### Task
Give the listing again word for word. Skip the pictures.

### Data shown
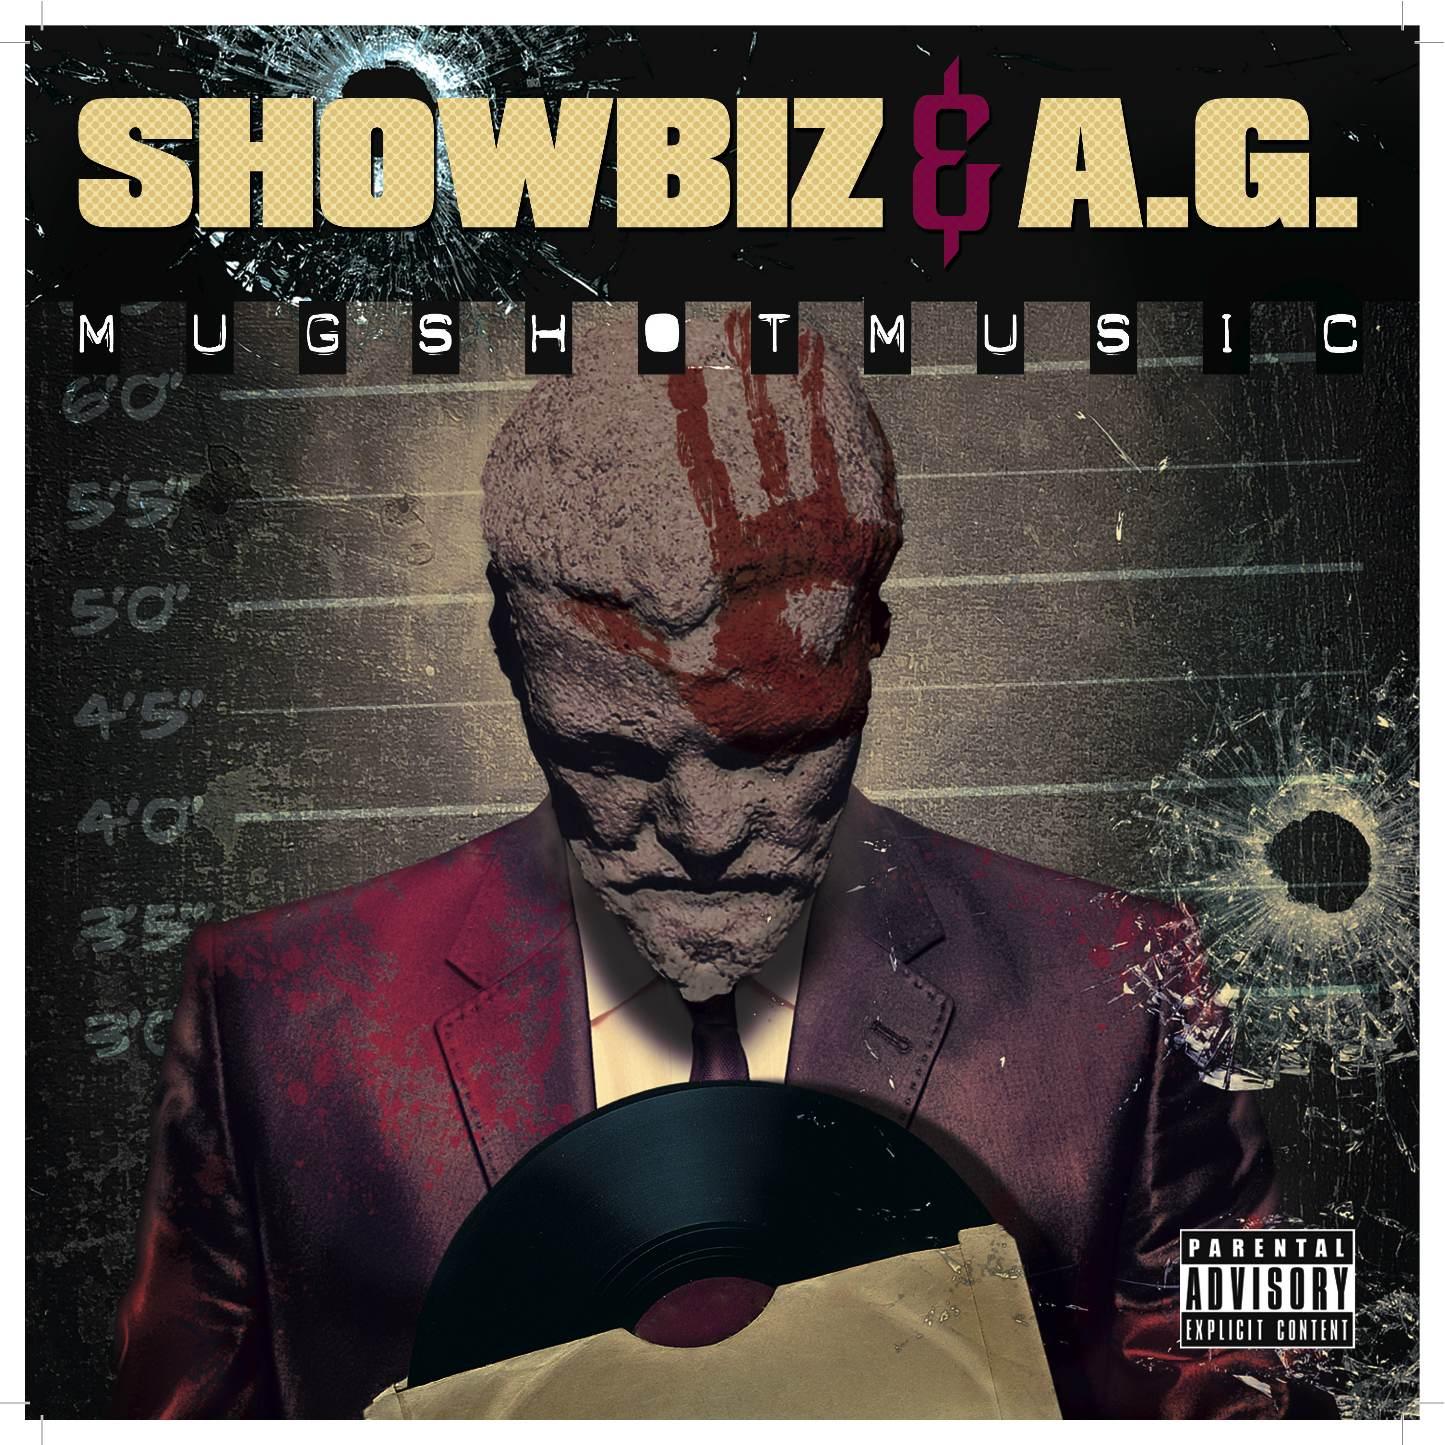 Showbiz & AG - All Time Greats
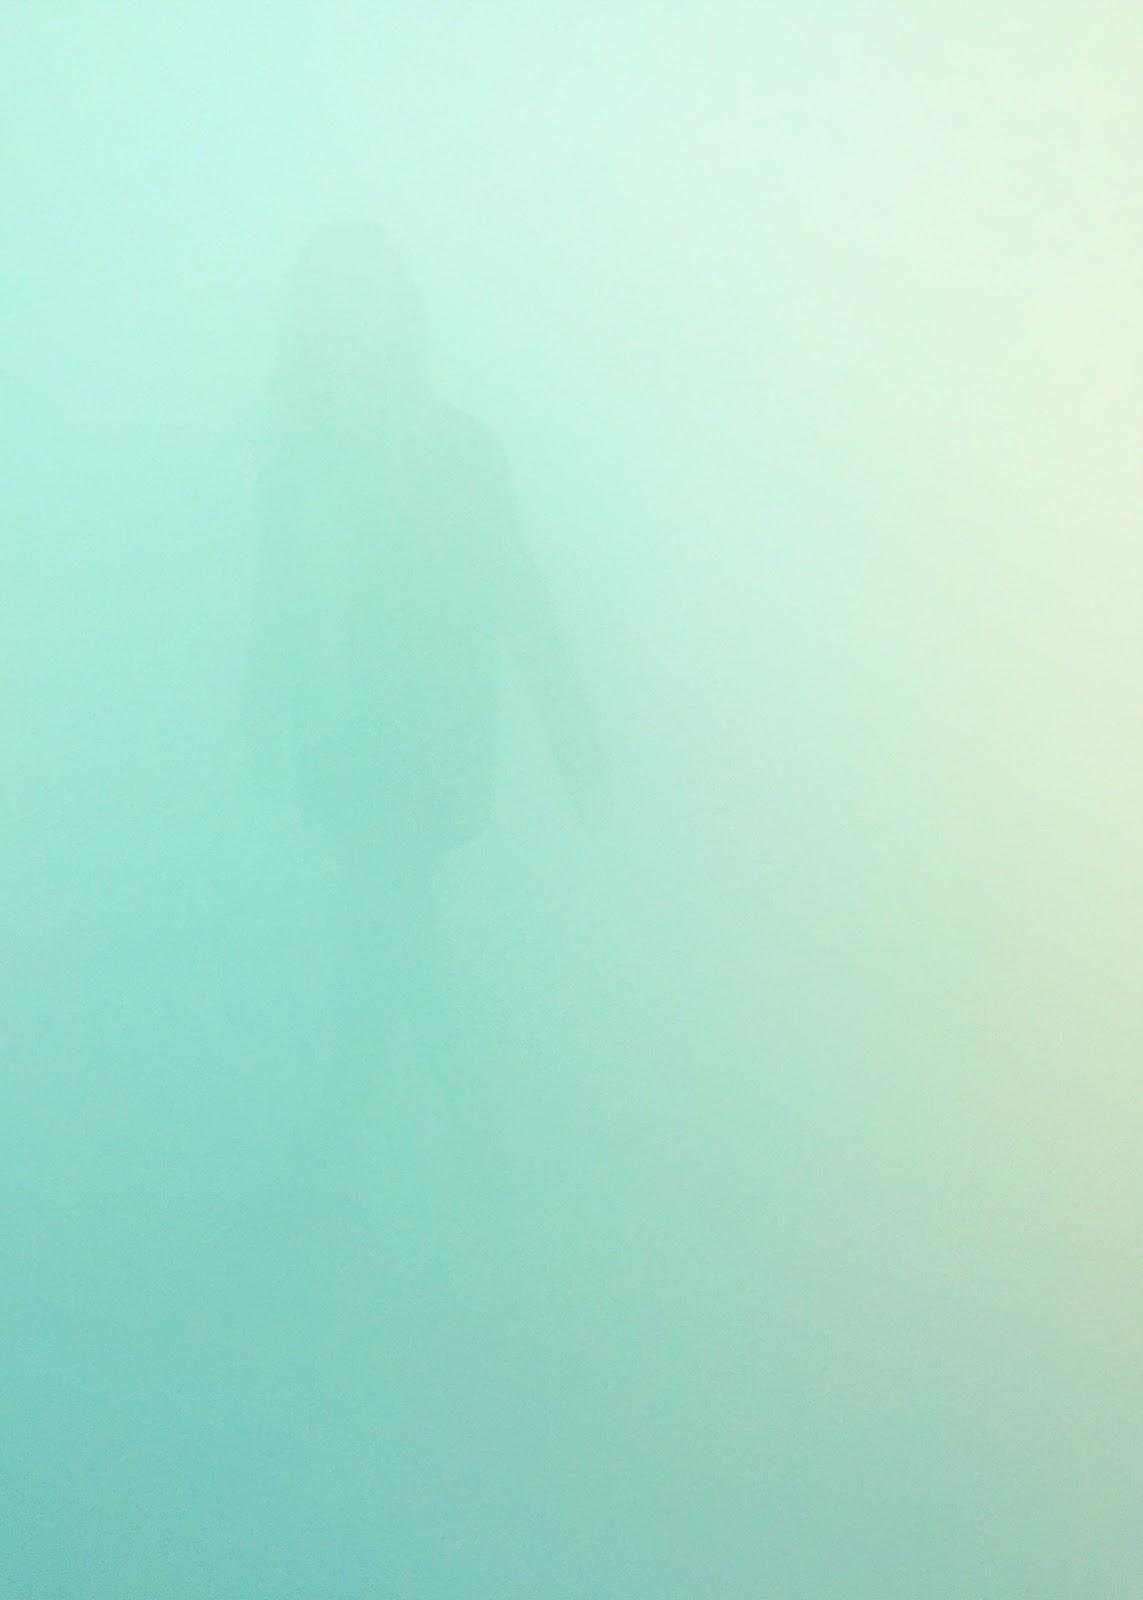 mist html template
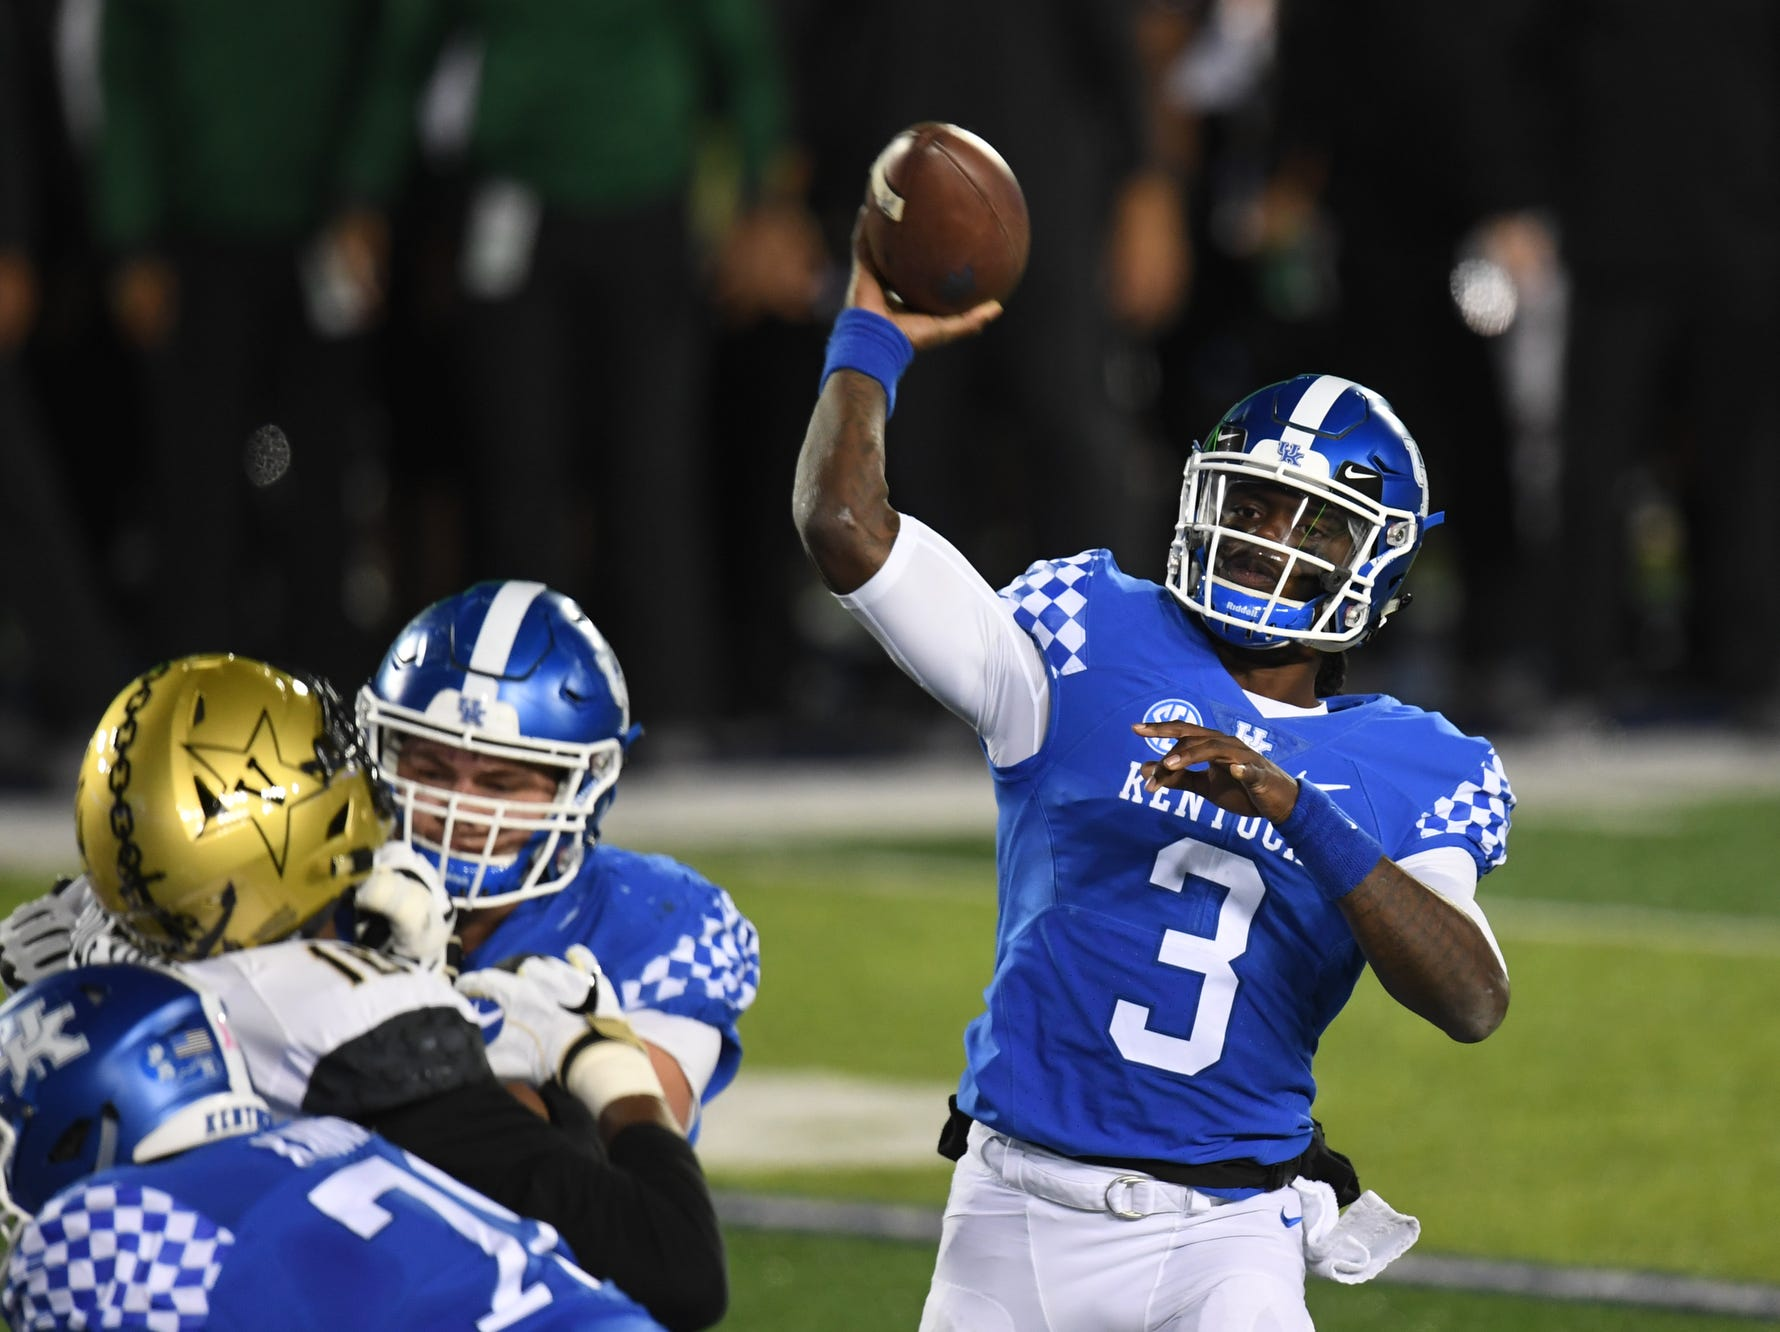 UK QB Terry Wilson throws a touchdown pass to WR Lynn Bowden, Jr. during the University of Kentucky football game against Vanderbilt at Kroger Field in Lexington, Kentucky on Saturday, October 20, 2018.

### Solution to the problem
 Showbiz & AG - All Time Greats
 mist html template
 UK QB Terry Wilson throws a touchdown pass to WR Lynn Bowden, Jr. during the University of Kentucky football game against Vanderbilt at Kroger Field in Lexington, Kentucky on Saturday, October 20, 2018.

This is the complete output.